If you were to take the previous example and write the whole thing in, say, C++, you would end up using a bunch of extra libraries. For the 1 to 1 version of the example in C++, you’d end up using SDL, GLFW, GLM (probably), STB, some JSON library, maybe Boost as well and who knows what else. Now you have to deal with properly linking all of these libraries and making sure they behave correctly with each other. There’s also still a lot of missing functionality, for example pygame-ce is not just bindings to SDL, it provides a lot of extra functionality (I should know, I helped write some of it). Meanwhile, you need at most three external libraries in Python, all of which are one pip install away from just working. Of course, you could definitely use fewer libraries in C++, for example, you don’t necessarily need GLM or Boost, and maybe you don’t need STB or the JSON library either. That gets you down to two libraries as well. The problem is that the more functionality you add the more you’ll wish you had these libraries. You’ll also need to deal with a lot more cross-platform compatibility issues.

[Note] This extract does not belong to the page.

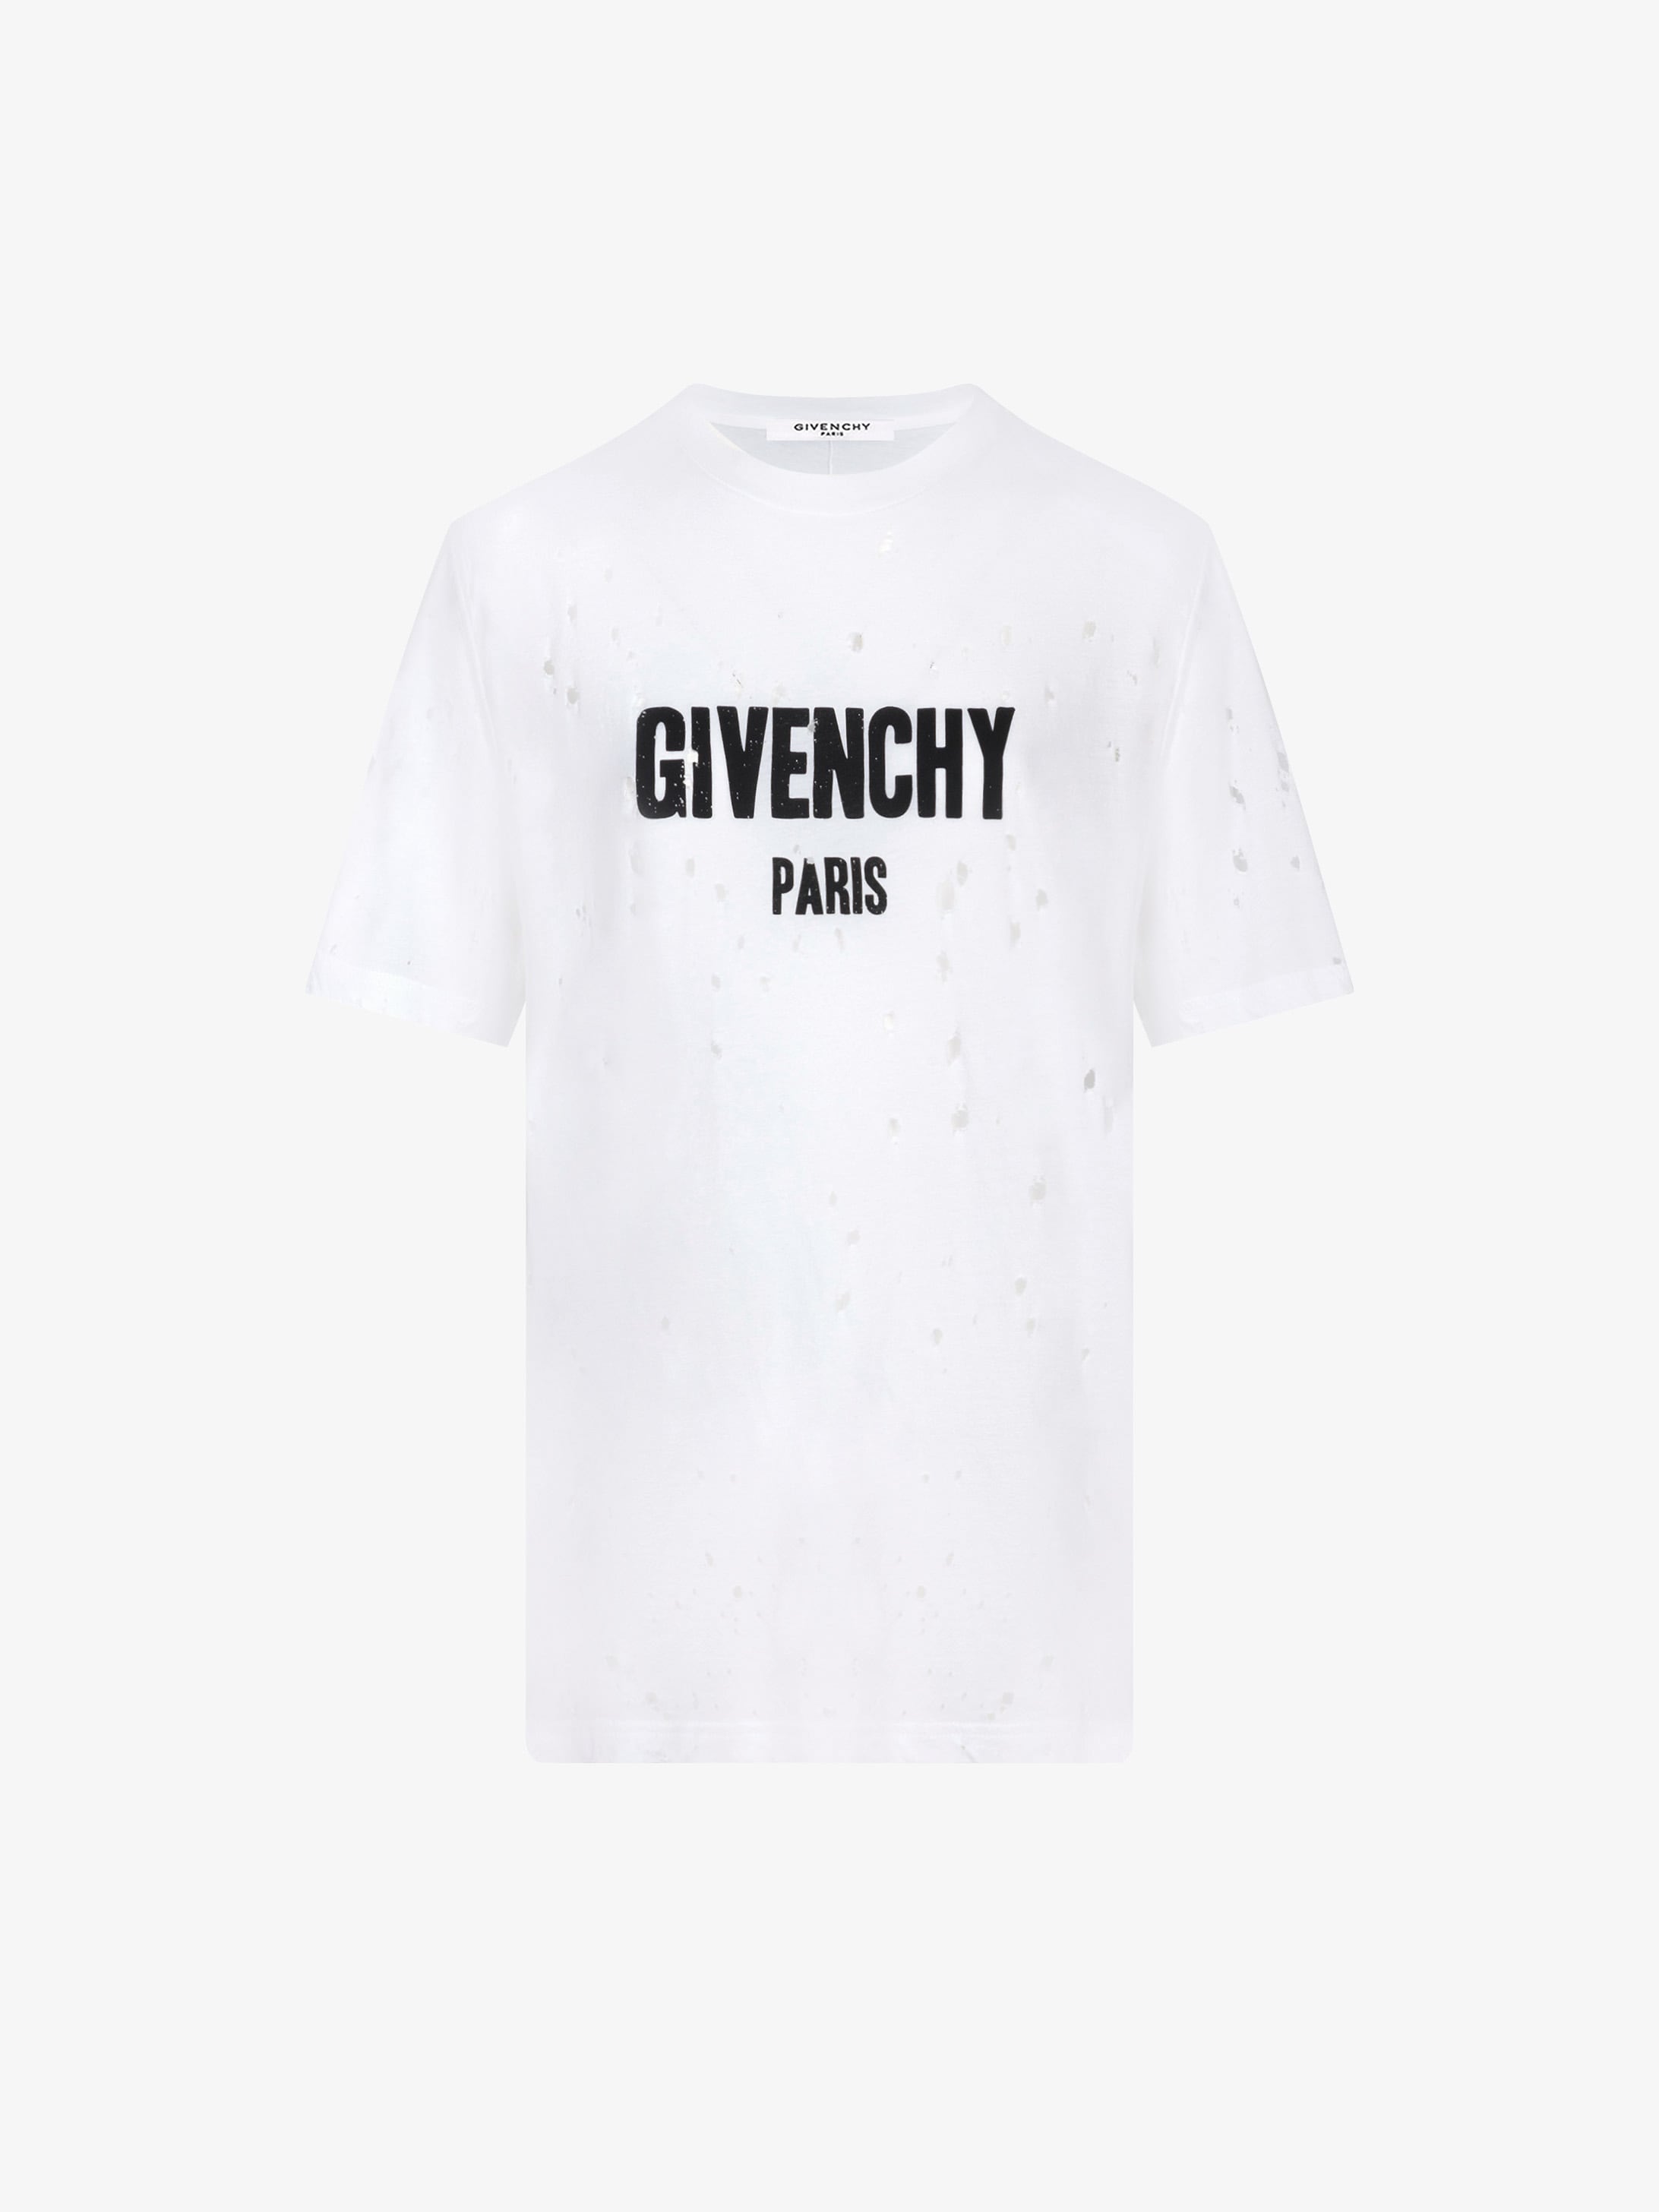 givenchy paris t shirt price

Personally if I were to start making a videogame as of the time of writing this, using the same principles, I would write the graphics in either C or C++ using Vulkan. Then I’d maybe create some simple bindings which can easily be accessed from Python. The important thing here is that I can control exactly what code ends up on the Python side and what ends up on the C/C++ side. Then I’d take advantage of Python’s superb support for image loading and window/event handling and write the videogame backend logic in another, separate C or C++ module. Then I could fairly trivially add networking on the Python side.

Distributing Python

One more thing about Python is its availability. Python is available on the machines of pretty much anyone who does dev work and you can reasonably expect it to be so. Don’t expect Python to be on an end user machine though. An end user should be able to just install a program and it’ll work without any magical extra dependencies. Everything should just come bundled. You absolutely need a C++ standard library? Bundle it. Or statically link, it’s not like I care that much. If that’s still somehow too much to ask, then bundle the standard library with the installer. That’s what Windows programs that use Microsoft’s Visual C++ redistributables do. Also remember that all Python is open source. This is a further reason to only use it as a wrapper for all your other mission-critical code. Something breaks for a user? It’s entirely possible you can fix it by just modifying the wrapping Python script. Someone wants to copy or take your code? Well don’t worry, all the logic is compiled into an extension. Now the only thing left to solve is the electron problem.

The Takeaway

Python is an excellent language if you can restrict yourself to two simple principles.

  1. Use it where there is some other performance bottleneck, e.g. networking or heavy IO.
  2. Don’t use everything Python has to offer. It has many, many features, but you should never be using all of them. Python is a general purpose programming language. That means it serves a lot of purposes and your use case is just one. Most features in Python are only appropriate for specific use cases and odds are, yours isn’t one of them.

Sticking to these two principles makes Python an excellent language for pretty much any purpose you can think of.

Python is a tool just like any other. It is in fact an excellent tool. As such there are occasions where it should be used and occasions where it shouldn’t.